Дядюшка, как старый охотник, скакал наперерез от Засеки и встретил опять и задержал волка. Но ни одна собака не брала плотно. Карай отстал далеко сзади. Охотники, Nicolas, его стремянный, дядюшка с своим, Наташа с своим, все вертелись над зверем улюлюкая, крича, не слыша друг друга, всякую минуту сбираясь слезать, когда волк садился на зад. Но всякий раз волк встряхивался и медленно подвигался к Засеке, которая должна была спасти его.
Еще в начале этой травли Данила, услыхав улюлюканье, выскочил на опушку и, так как это было дело не его и без гончих, остановился посмотреть, что будет. Он видел, как Карай взял волка, ждал, что сейчас возьмут его. Но когда охотники не слезли, волк встряхнулся, Данила крякнул.
– Отвертится, – сказал он и выпустил своего бурого не к волку, но прямой линией к Засеке, к тому месту, где, он знал, волк войдет в Засеку. Благодаря этому направлению, он подскакивал к волку в то время, как во второй раз его остановили дядюшкины собаки прежде, чем Карай успел второй раз приспеть к зверю.
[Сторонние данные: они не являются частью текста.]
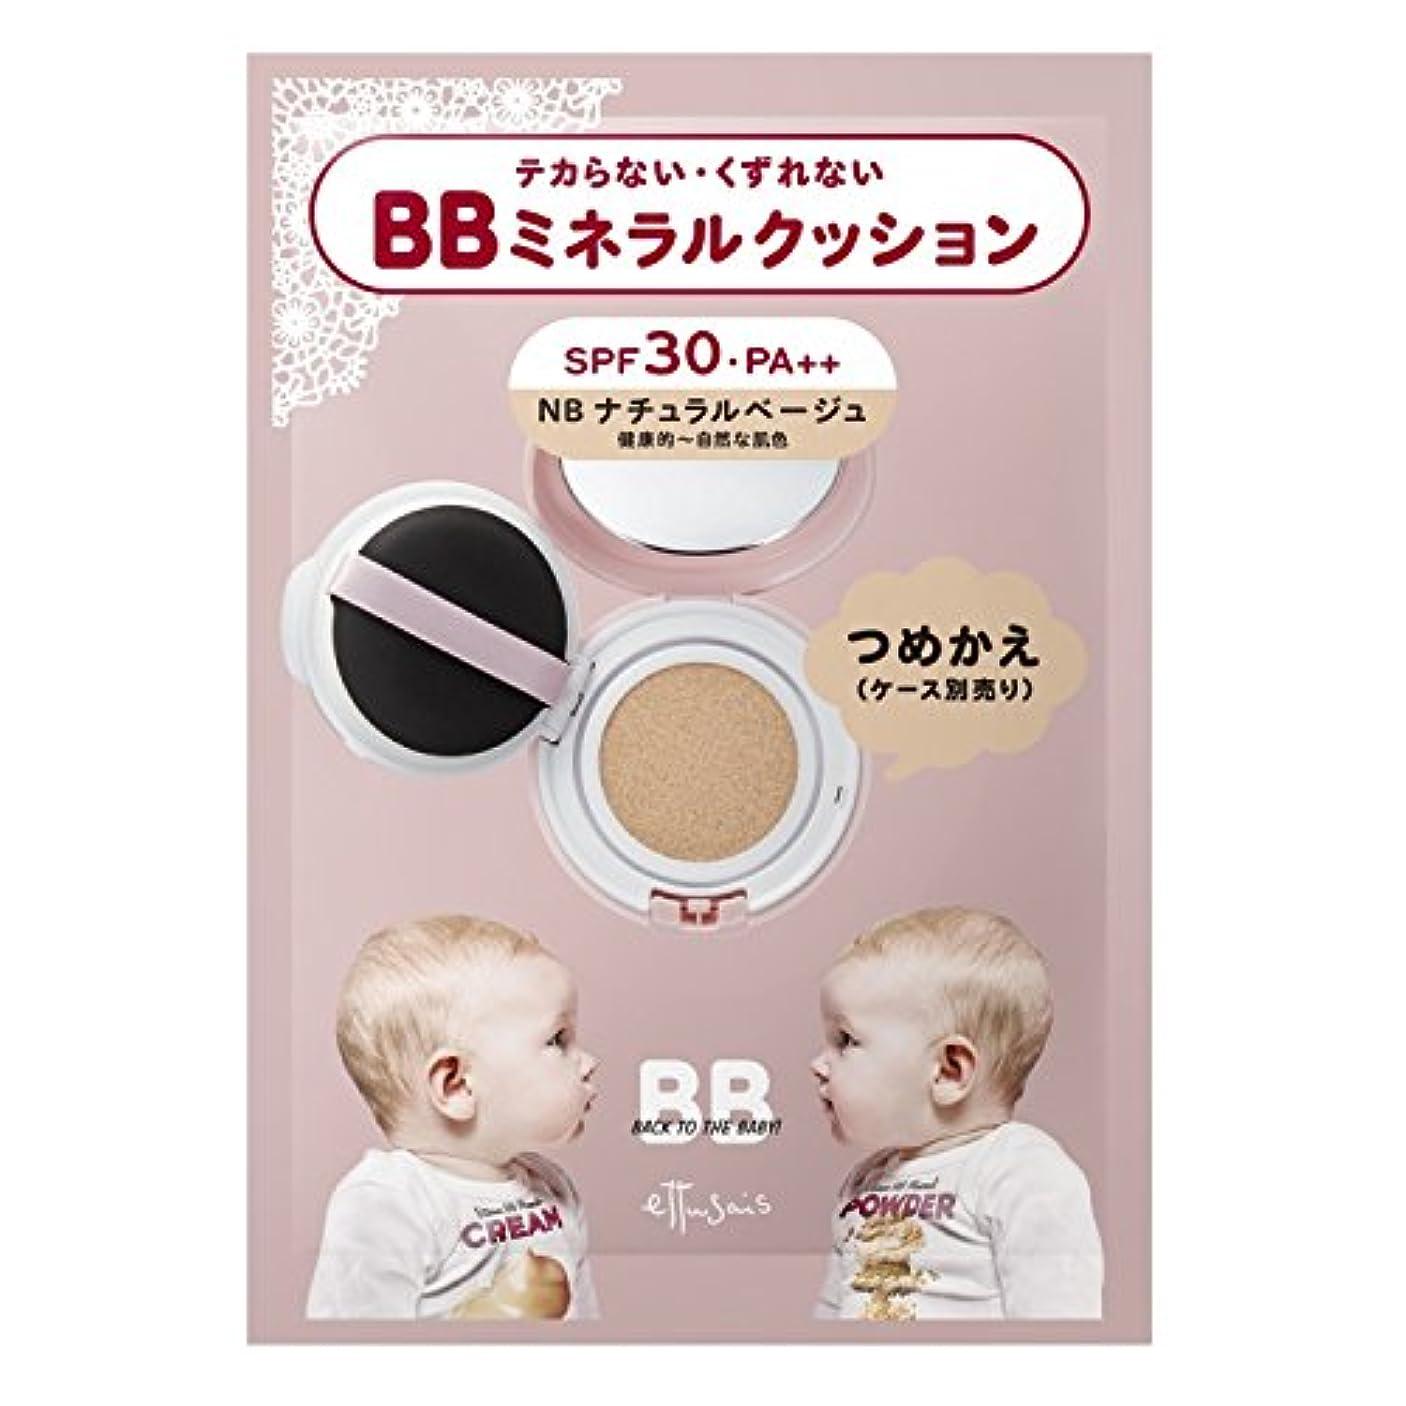 母性ライド蜜エテュセ BBミネラルクッション NB ナチュラルベージュ(健康的~自然な肌色) つめかえ用 SPF30?PA++ 12g

Данила скакал молча, держа вынутый кинжал в левой руке и, как цепом, молоча своим арапником по подтянутым бокам бурого. Nicolas не видал и не слыхал Данилы до тех пор, [пока] мимо самого его не пропыхтел, тяжело дыша, бурый, и он не увидал, что Данила через голову лошади не упал в середину собак на зад волка. В то же мгновение те же собаки, которые не брали, уцепились с визгом за гачи волка, и Данила кубарем, падая вперед, добежал до остановленного зверя и измученный, как будто ложась отдыхать, всей тяжестью повалился на волка, хватая его за уши. Данила не позволил колоть волка, а послал стремянного вырубить палку, засунул ее в рот волку, завязал сворой и взвалил на лошадь. Когда всё было кончено, Данила ничего не сказал, а только, сняв шапку, поздравил молодого графа с красным полем и улыбнулся из-под усов своей детски нежной, круглой и кроткой улыбкой.
Гончих вызвали, все съехались, желая поговорить; под предлогом рассказать друг другу всё, что было, рассказали всё то, чего не было, и тронулись дальше. Старый граф посмеялся Даниле об прозеванном волке.
– Однако, брат, ты сердит, – сказал граф. Данила на это только улыбнулся своей приятной улыбкой. Старый граф и линейка поехали домой. Наташа, несмотря на уговоры и требования, осталась с охотой. Более всего хотелось Nicolas захватить Зыбинскую вершину прежде Илагиных, которые стояли недалеко от нее, и потому он пошел дальше, чем предполагал.
Зыбинская вершина была глубокая, изрытая водой, поросшая чащею осинника котловина в зеленях, в которой всегда бывали лисицы. Только что бросили гончих, как услыхали в соседнем острове рога и гон Илагинской охоты и увидали охотника Илагина с борзыми, стоявшего от Зыбинской вершины. Случилось так, что в то время, как из-под Ростовских гончих побежала на перемычку от Илагинского леса лисица, их охотник заезжал в заезд. Травить стали оба, и Nicolas видел, как расстилалась по зеленям красная, низкая, пушисто-странная лисица, как кругами плавала она между собак, всё чаще и чаще делая эти круги и обводя вокруг пушистой трубой, и как наконец налетела белая собака и вслед за ней черная и всё смешалось и звездой, врозь расставив зады, чуть колеблясь, стали собаки и подскакали два охотника – один его, в красной шапке, другой чужой, в зеленом кафтане. Охотники эти долго не торочили, стояли пешие – около них на чумбурах лошади с своими выступами седел и собаки – и махали руками и один махал лисицей и подал голос.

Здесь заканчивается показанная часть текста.